Exercise: Below is a block of entries; repeat exactly the lines starting at the line that contains "Tim Wakefield And" and ending at the line that contains "Great mom coloring book for kids", both included.

Data records:
^^^^^^^^

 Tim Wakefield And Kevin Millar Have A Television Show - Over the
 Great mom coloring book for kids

^^^^^^^^

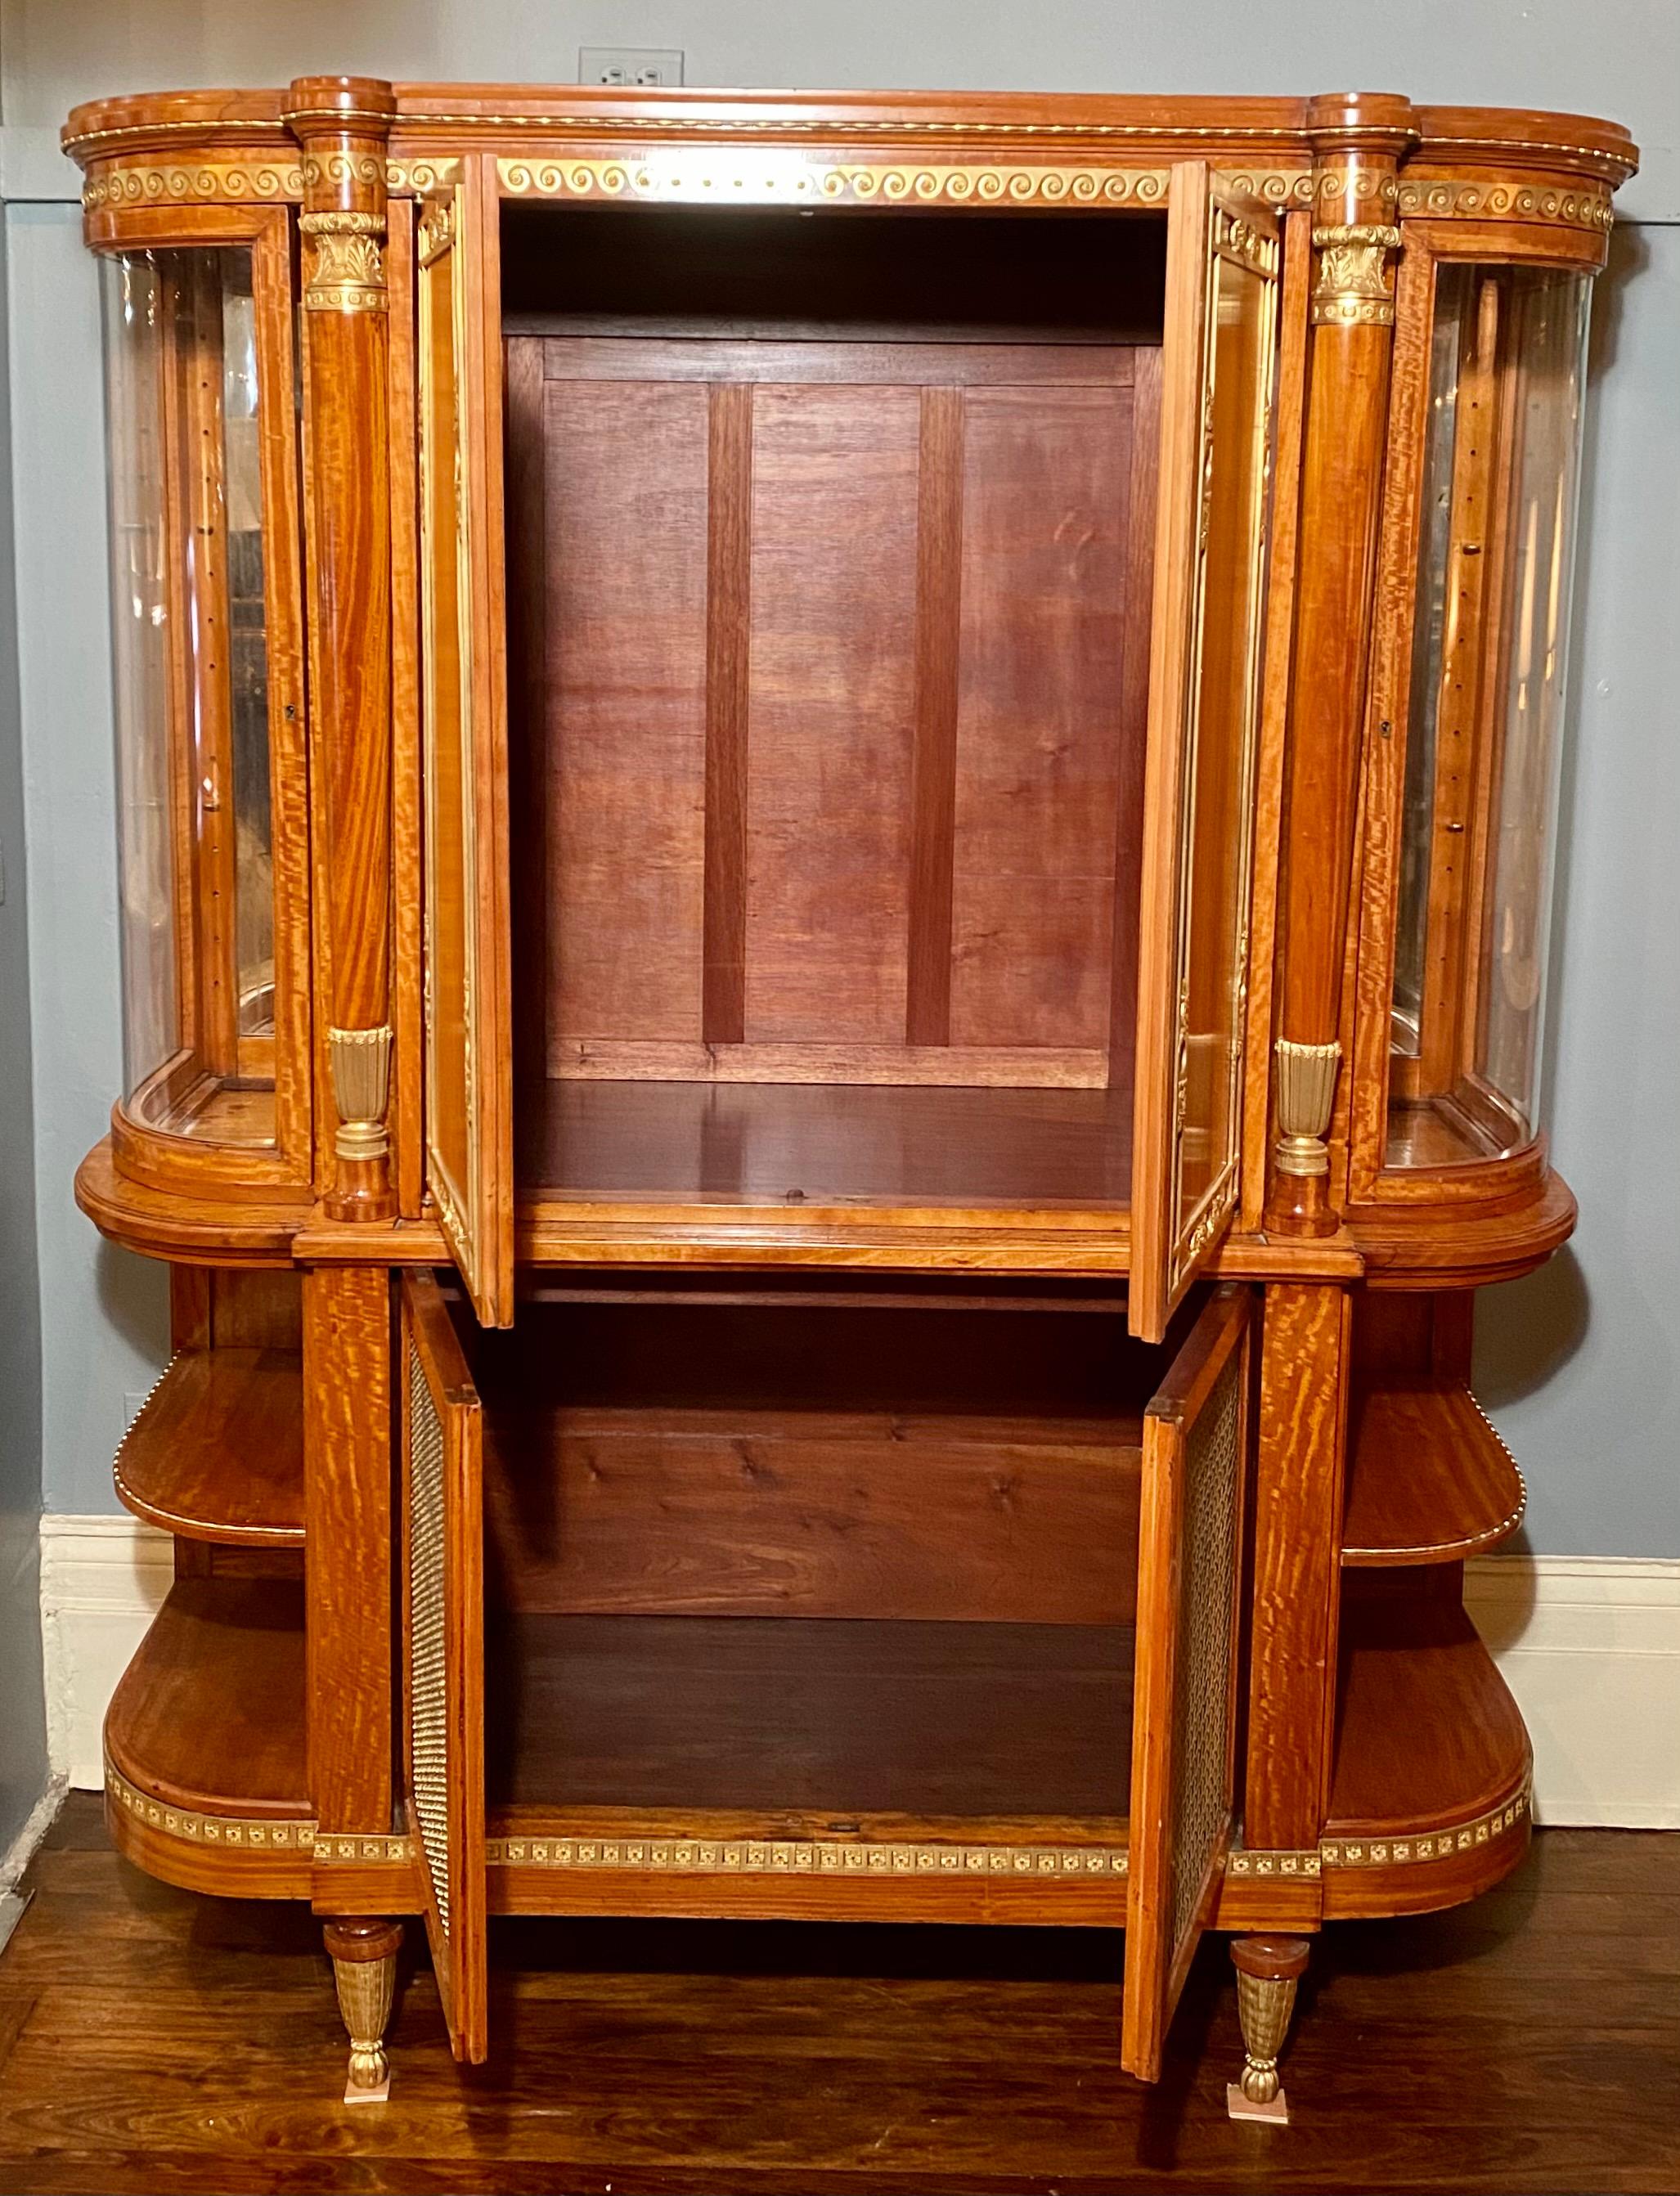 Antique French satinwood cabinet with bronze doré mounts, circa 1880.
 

^^^^^^^^

Solution to this exercise:
 Tim Wakefield And Kevin Millar Have A Television Show - Over the
 Great mom coloring book for kids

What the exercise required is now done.